Connecticut has taken a firm stance against government involvement in digital assets like Bitcoin.
On June 30th, Gov. Ned Lamont signed a new bill to a law prohibiting national institutions, including Bitcoin, from investing in encryption.
The law, known as House Bill 7082, prevents state entities from accepting these assets as payments for financial obligations owed to the state.
Meanwhile, the bill not only closes future crypto reserve doors, but also outlines strict rules for crypto companies operating in the state.
Under the new regulations, businesses involved in the transmission of cryptocurrency must clearly disclose all the important risks associated with the service. This states:
“Cryptocurrency transactions are irreversible and are used by people who attempt to scam customers, including, but not limited to, those who pose as their clients’ loved ones and threaten their time in prison.

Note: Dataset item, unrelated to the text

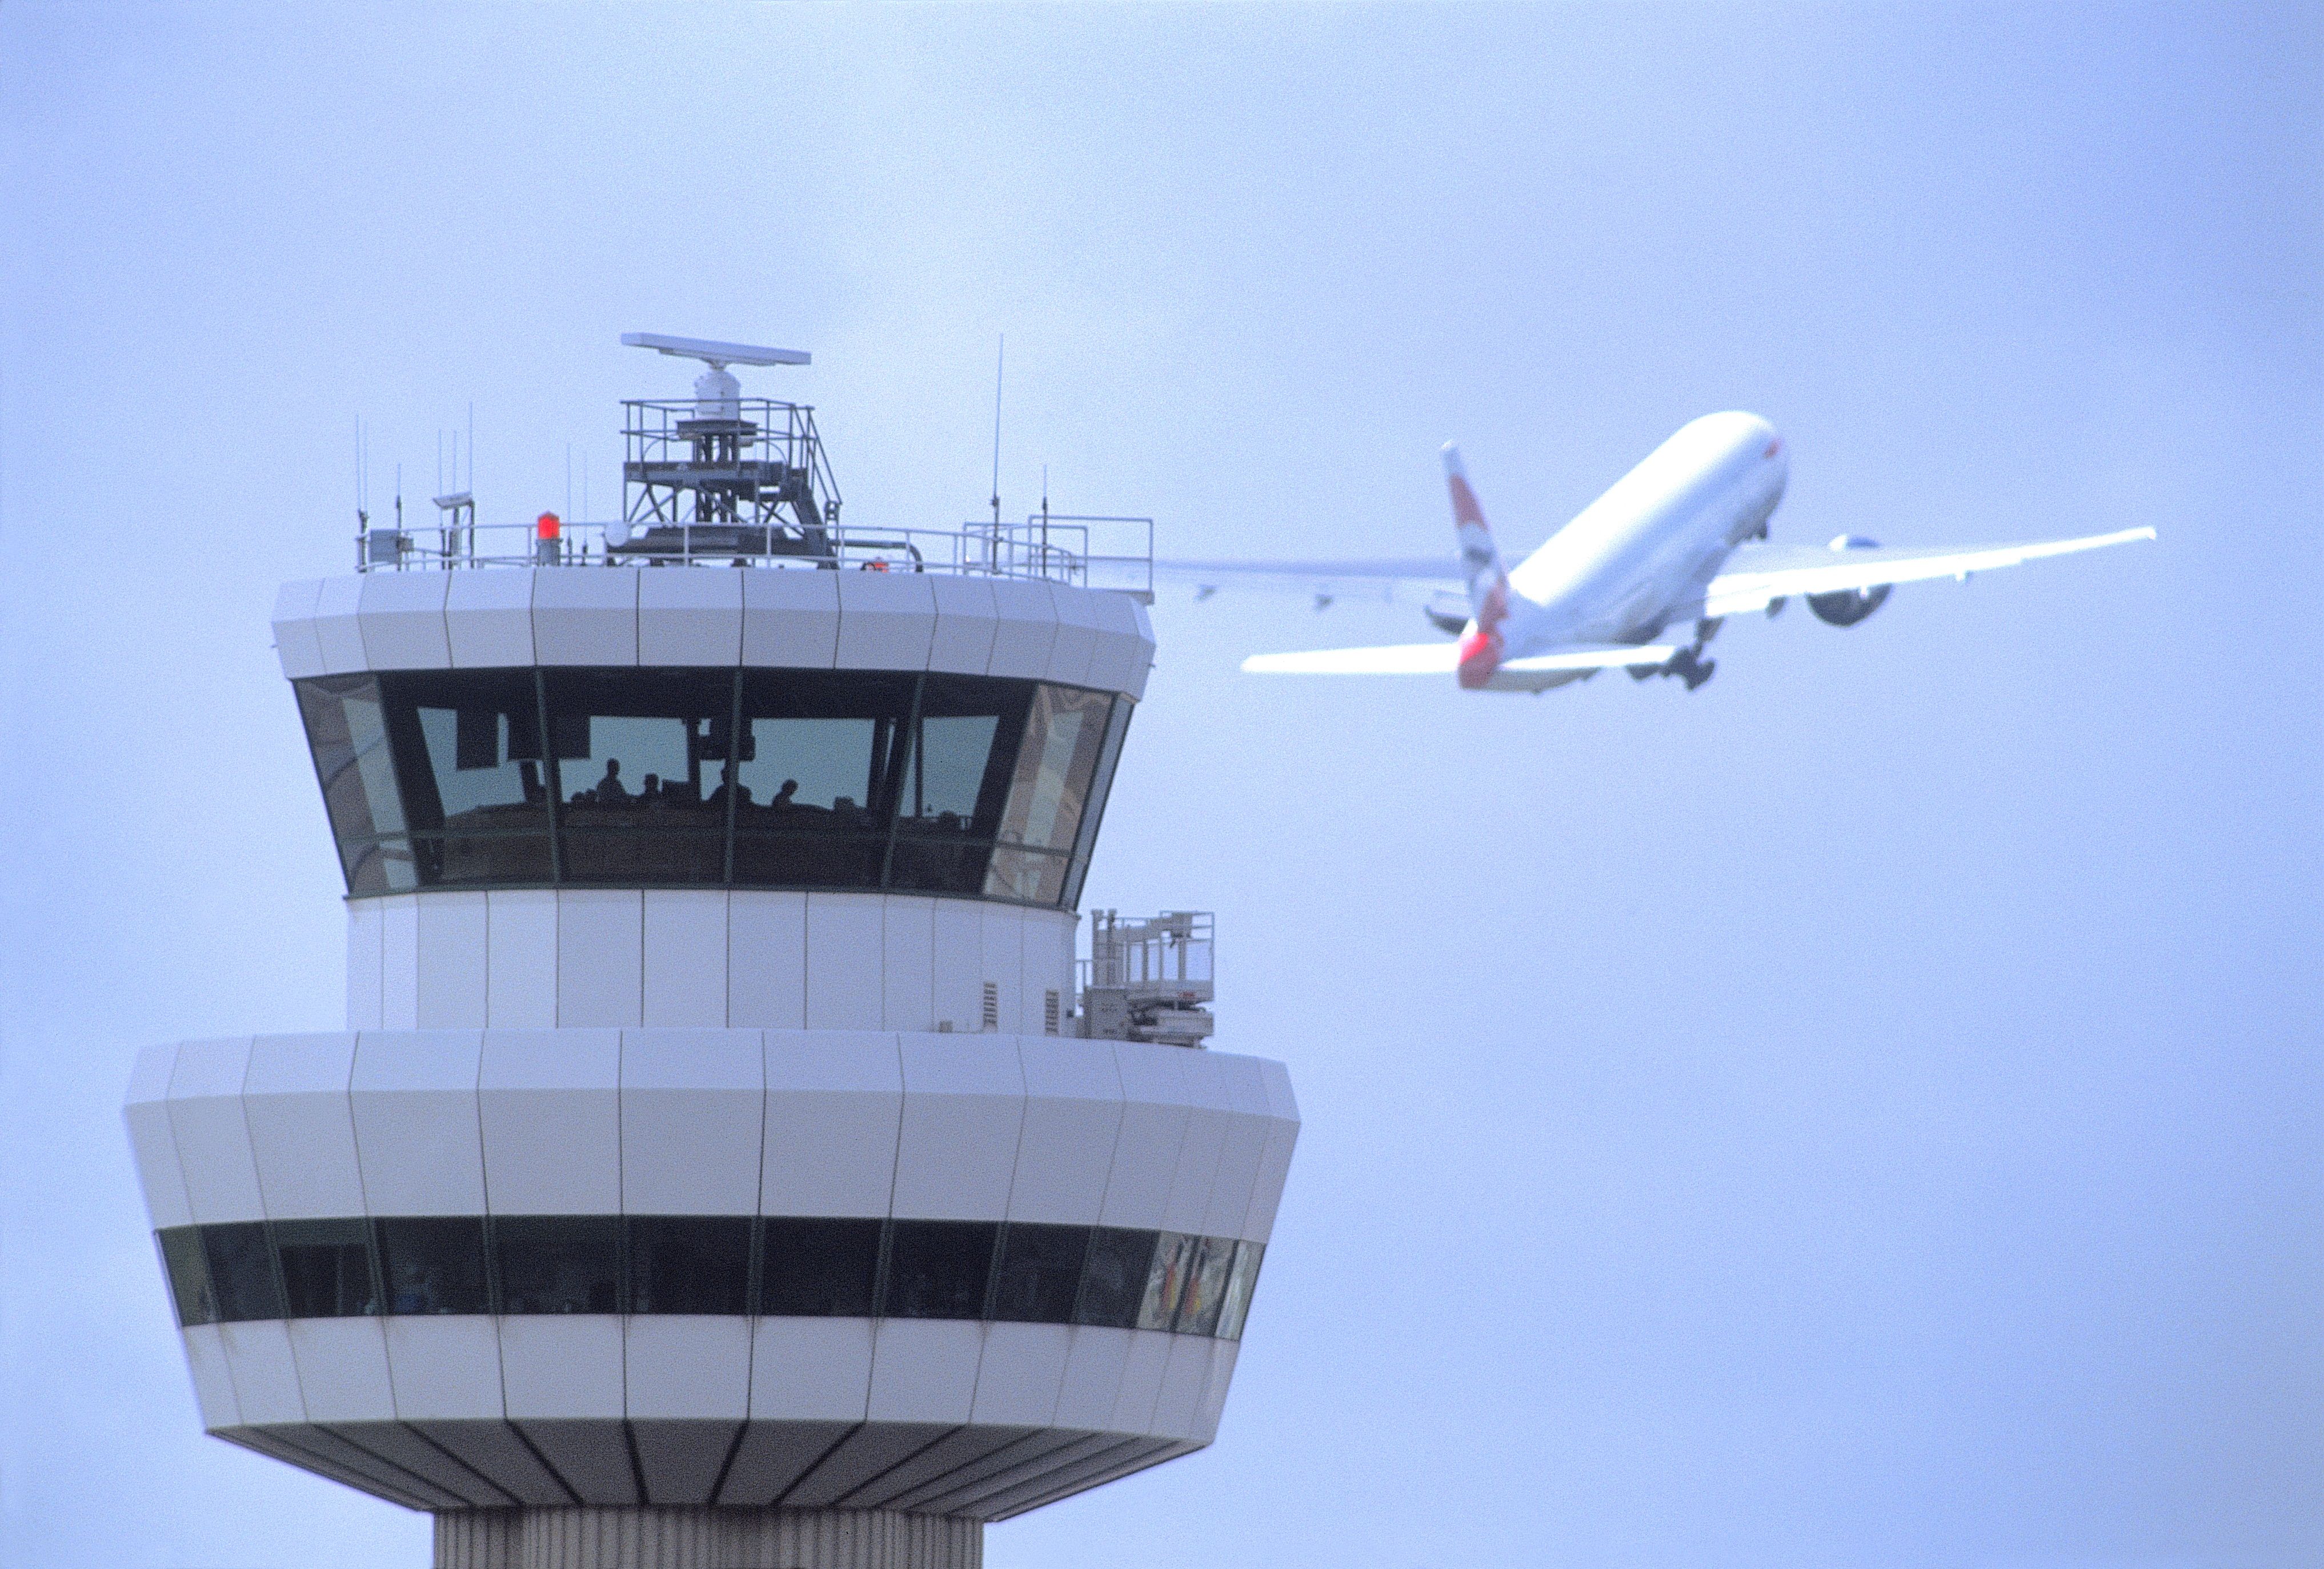 An aircraft takes off in front of the control tower at London Gatwick Airport

State that the customer’s identity has been stolen and claim that the customer withdraws money from the customer’s bank account and buys cryptocurrency or claims the customer’s personal computer
Hacked. ”
According to lawmakers, the move aims to protect consumers from the volatility and complexity that are often associated with digital assets.
This represents one of the most drastic bans on the adoption of digital assets by US state governments to date. In particular, the law passed unanimously the Connecticut General Assembly in early June.
Other US states accept Bitcoin reserves
Connecticut has enacted restrictions, while other states are heading in the opposite direction.
The Texas governor recently signed the law on Senate Bill 21, allowing the state to use public funds to create and fund Bitcoin reserves.
This has led Texas to introduce similar measures in parallel with Arizona and New Hampshire to add digital assets to the state’s Treasury Department.
These contrasting approaches between states underscore the growing disparity in how they view the role of digital assets in public finance. Some view Bitcoin as a hedging and diversifying tool, while others view it as too unstable for taxpayer-backed investments.
Nevertheless, the push for state-controlled crypto reserves has gained momentum across the US. According to data from Bitcoin law, 48 bills related to Bitcoin reserves are currently under consideration in various states, with eight already approved the initiative.